A man and woman walk from the UT observation deck into the Tower and run into a man carrying two rifles. The woman smiles and says “hello.” The man, Charles Whitman, returns the smile and asks, “Hi, how are you?”
“I might have wondered if I had stopped for a moment,” said Cheryl Botts Dickerson, survivor of the 1966 UT tower shooting. “But we kept going and that probably saved our lives.”
The Texas Standard, KLRU, Austin PBS and the Dolph Briscoe Center for American History held an interactive discussion Wednesday night as the final part of the KUT’s Tower History project. Whitman shot and killed 14 people and wounded 32 others while shooting from the UT Tower in 1966, and the discussion focused on how this event influenced the history of gun rights.

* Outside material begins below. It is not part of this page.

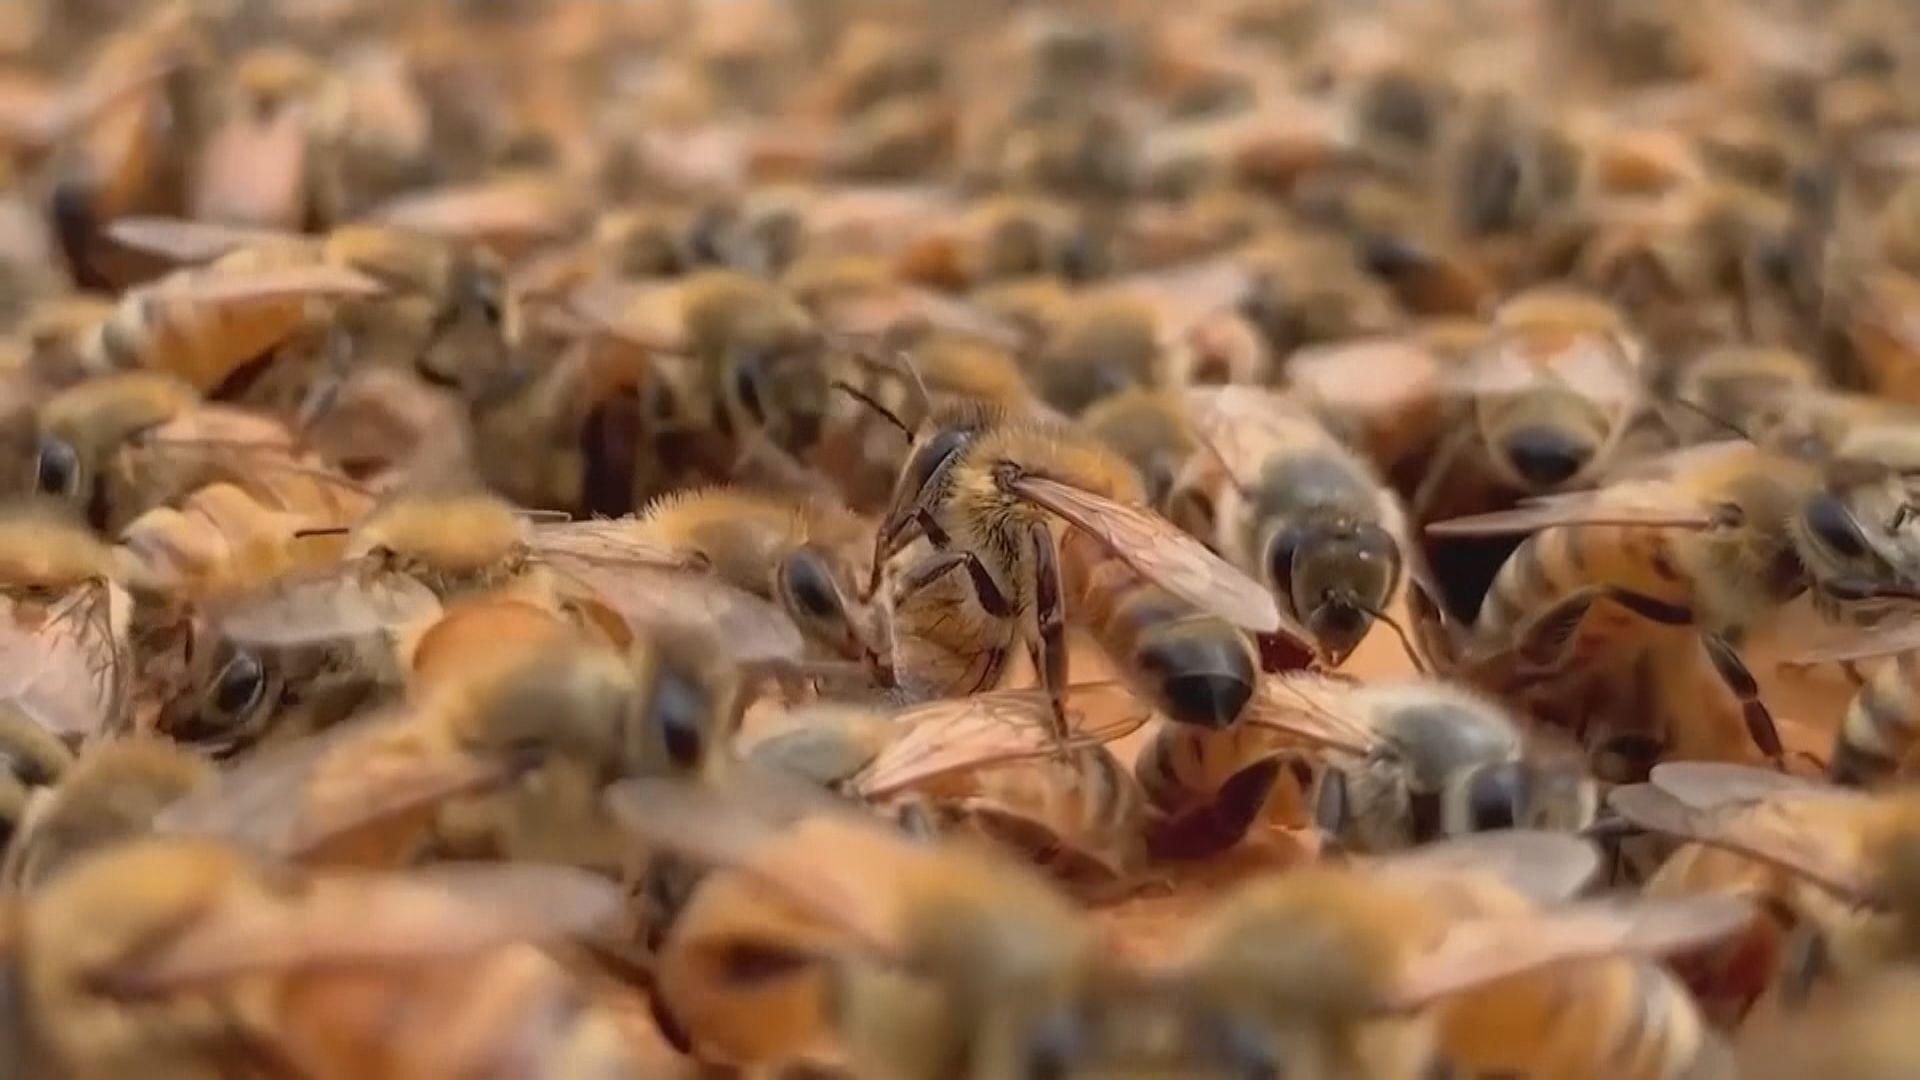 【環球薈報】科學家發現蜜蜂毒液可摧毀惡性乳癌細胞

“One of the paradoxes of the shooting is that people during that time period were so familiar with violence from far away wars, but were in no way accustom to violence coming from someone in their community,” said Jeremy Suri, the Mack Brown Distinguished professor for global leadership, history and public affairs at UT. “They had to begin to look for external threats as well as
internal threats.”
Suri, a panelist at the discussion, spoke about the changes tragedies such as the UT Tower shooting have on gun history and the growing presence of guns in people’s lives. Suri said the shooting showed people that history matters.
“It shows a resilient resistant towards guns and that many Americans are defining their freedom through the ownership of guns,” Suri said. “There is an increasing pervasiveness of guns.”
The discussion featured clips from the documentary “Tower” and interviews from survivors of the shooting, including Dickerson and the man in the tower with her, Don Walden, in the documentary “Out of the Blue.”
“There are more stories out there than Whitman’s story,” said Megan Gilbride, one of the producers of “Tower.” “We want people to have conversations about events like the shooting and for society to realize that survivors didn’t have the chance to. Conversations help with healing.”
Journalism freshman Jaewon Yoo said the discussion gave her the chance to hear stories about people who were actually at UT when the Tower shootings happened.
“No one really thinks about the potential of something like that happening,” Yoo said. “When it does happen, it’s scary and then it’s hard to know what to expect anymore.”